Sara took him to the same mall where he and his wife used to go with the girls on Saturdays. Usually they separated into pairs, which meant he and Celia went to the food court to eat apple slices and wait for a text saying the shopping was done. It occurred to him that they could still do that. He wondered if it would be the same if they weren’t waiting, just eating apples because that was something you could do at a mall.
“Celia would like that,” Sara said. “She’s so timid.” The computer store was filled with flat wooden tables and sleek devices. There were no cash registers, just young people with fashionable shoes and card-swiping cell phone attachments.
“It’s important to re-think our workspaces,” said a woman with a tattoo of a rose across one cheekbone. He was not cool enough for this store.
“He’ll take this one.” Sara said.
The metal laptop was cold. It was also too cool for him.
Back home, his new computer gleamed empty and lifeless. No one had any interest in his A15 forms. He typed to a few SWFs on the anonymous chat site, but they were only what they pretended to be.
He came home from work on Wednesday night to find the front window smashed, the porch a wasteland of broken glass. The police came right away, made a show of unholstering their handguns and searching the house.
“If anyone is here,” one officer called, “announce yourselves or face the consequences.”
They led with their guns, like it was a television show. William remembered reading a report about government interrogators intensifying their torture techniques after seeing fictional cross-examinations on television. He stood at the edge of the forest and waited for the tromping to be over. The dead trees swayed as if it were summer, and they were a part of a different story.
“Anything missing?” the police asked, but William couldn’t tell. He’d taken the new laptop to work, and the old computer was still on the desk, surrounded by a constellation of scattered pencils.
“Maybe the vacuum cleaner?” he said, but later he found it in the girls’ room when he was cleaning up the glass. Pieces of the broken window were strewn everywhere. He thought he could read the story of the intruder’s path through the house in the way the shards were scattered—the fragments on the stairs, the large sliver in the girls’ room, the smaller one in his own. The beer from the refrigerator was gone, and there were strange voids in the house, empty spaces that might have once been occupied by objects he couldn’t remember.
“The city’s going through an opioid crisis,” the landlord said on the phone. “It won’t be too much longer.”
William considered the dead forest, the scrubby bushes. His violated house was filled with leaves. Brittle, brown husks rustled in the kitchen sink, crackled on the dining table. He’d only been gone ten hours, but the house felt feral. It smelled like earth and rot.
He hammered a board over the broken window, drove the nails directly into the window frame and thought how lovely it was to deface something that did not belong to him.
“You okay by yourself?” Sara asked on the phone. “Stay at my place if you want.”
William had already baked a frozen pizza. In the bathroom he discovered blood, splattered dark on the edge of the sink. He started to clean, but he liked the intimacy, liked imagining the stranger running the faucet. Somewhere another person knew the squeaking handle, the subtle bloom of mildew around the drain.
The blood had something strange about it, a lightness and thickness, the consistency of sap.

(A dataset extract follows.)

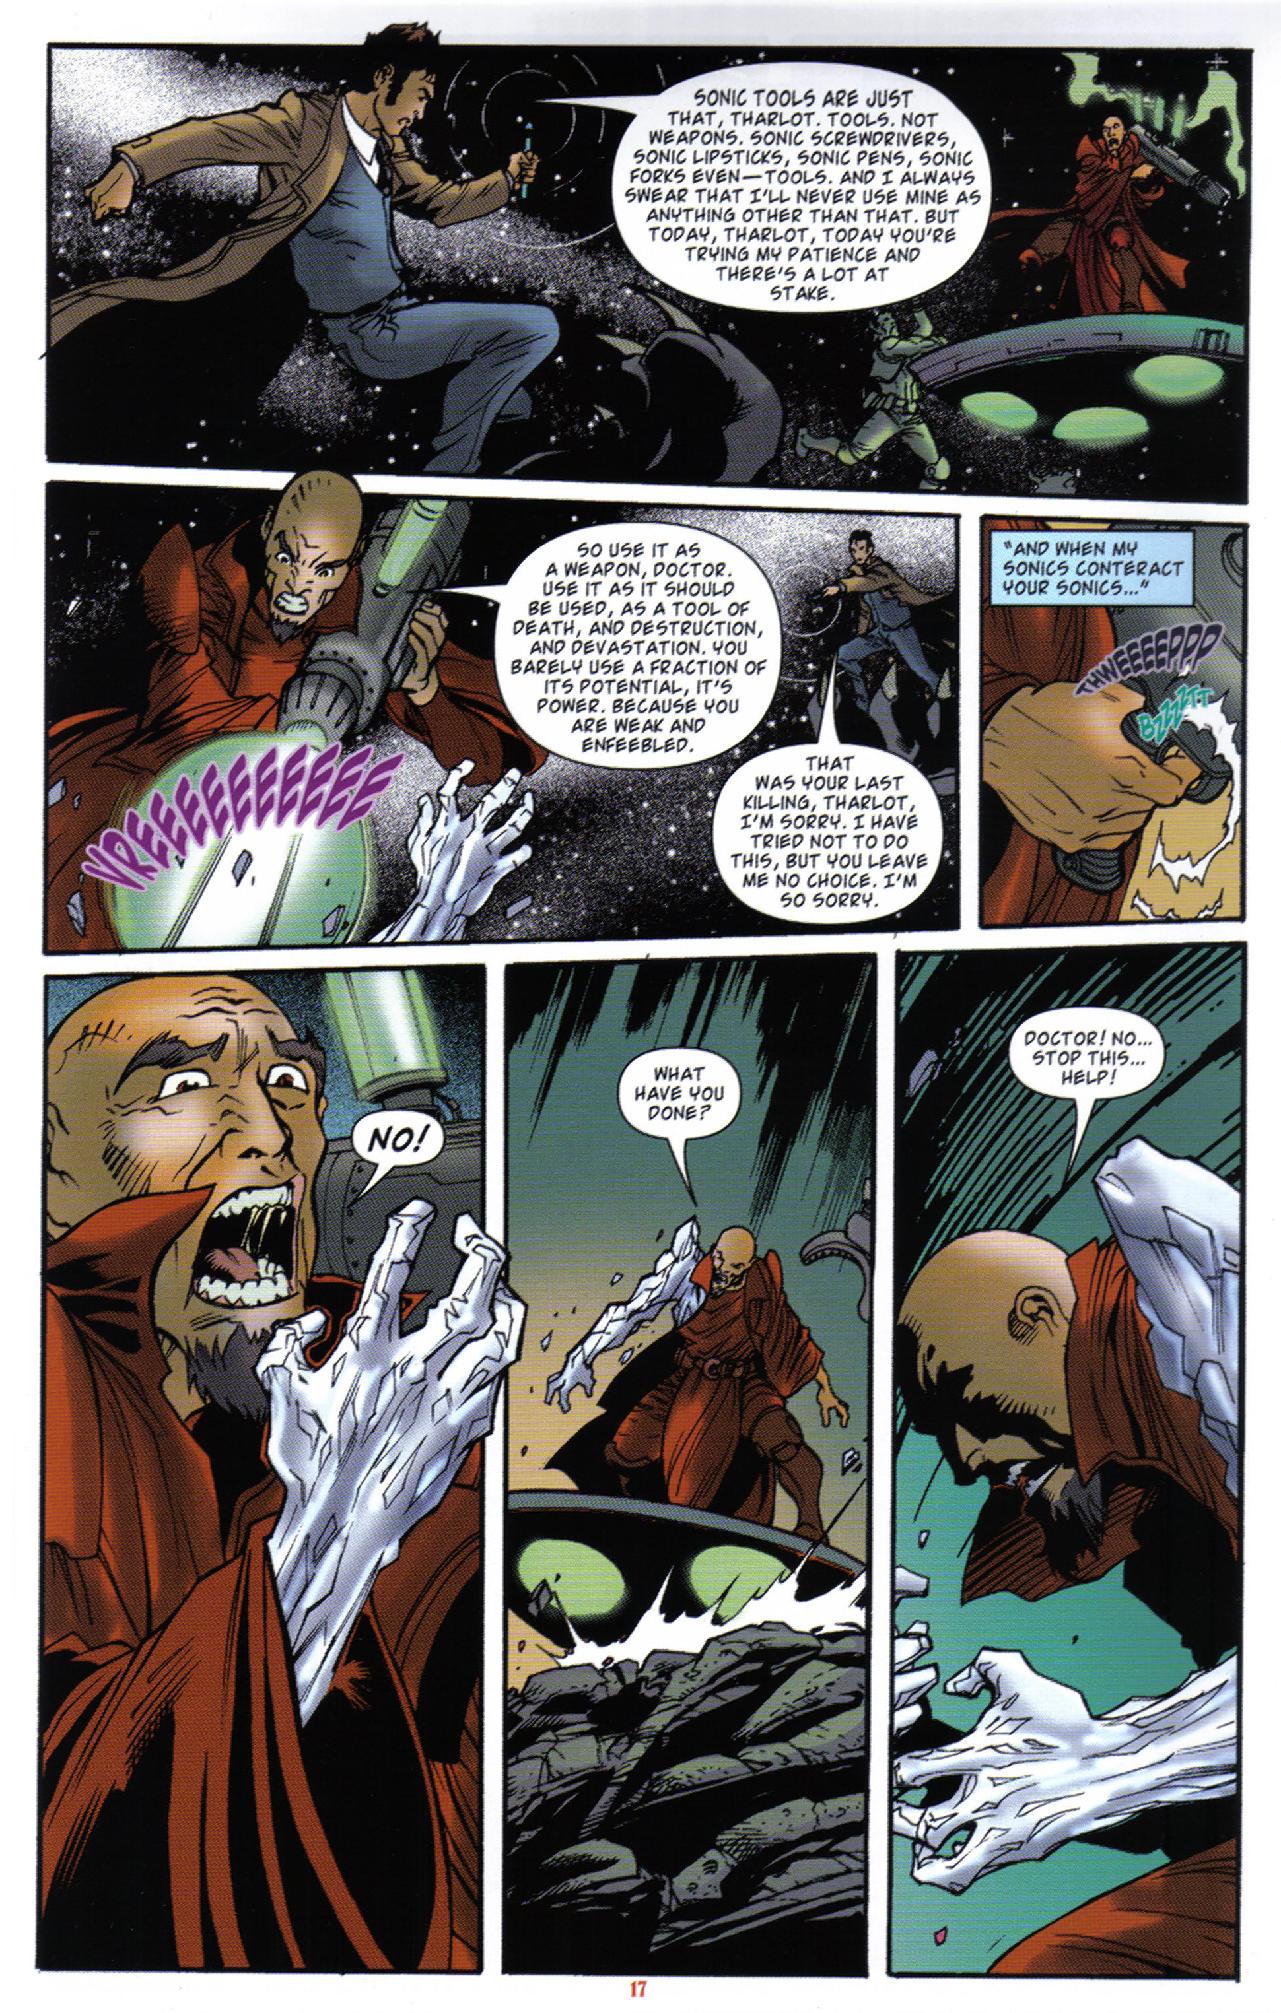 Doctor Who (2008) issue 6 - Page 17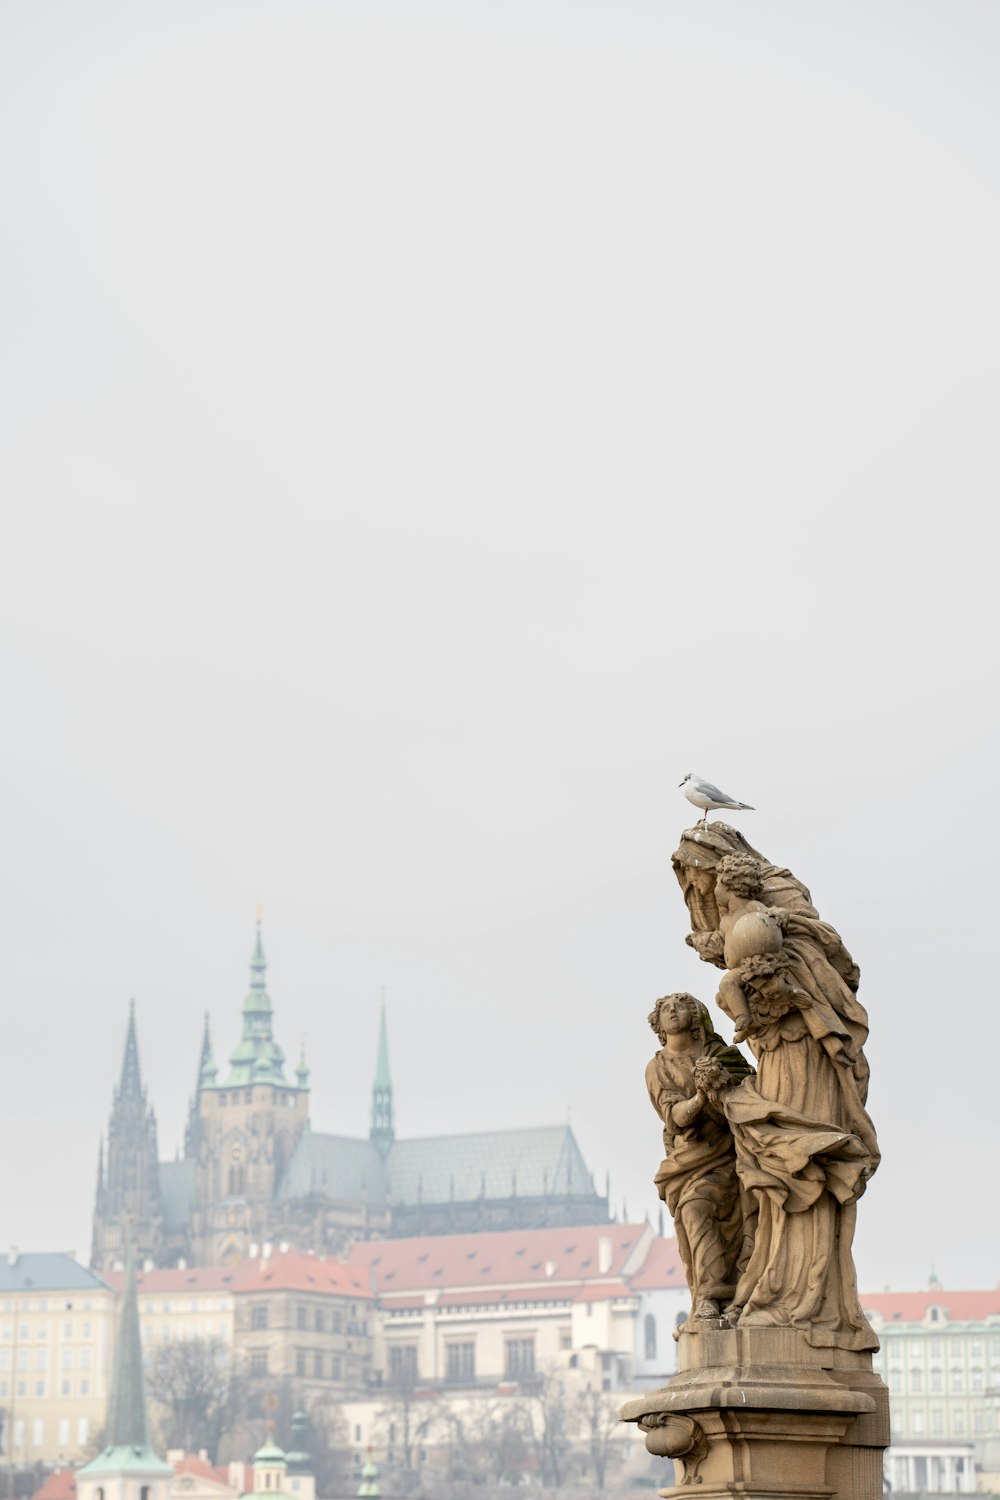 a bird perched on top of a statue in front of a castle

After the spectacle of the police visit, he felt on display, as if the neighbors were evaluating him. He stood at the kitchen door and considered the lights beyond the forest, the crooked houses and cluttered lawns. Elsewhere in the city, a person who had bled in his bathroom was drinking his beer. The refrigerator hummed and purred. When the landlord came to fix the window, William would have to admit that, yes, the refrigerator was actually working fine.
Strange filaments, splinters, lay scattered around the sink, and a film, like sawdust, coated everything.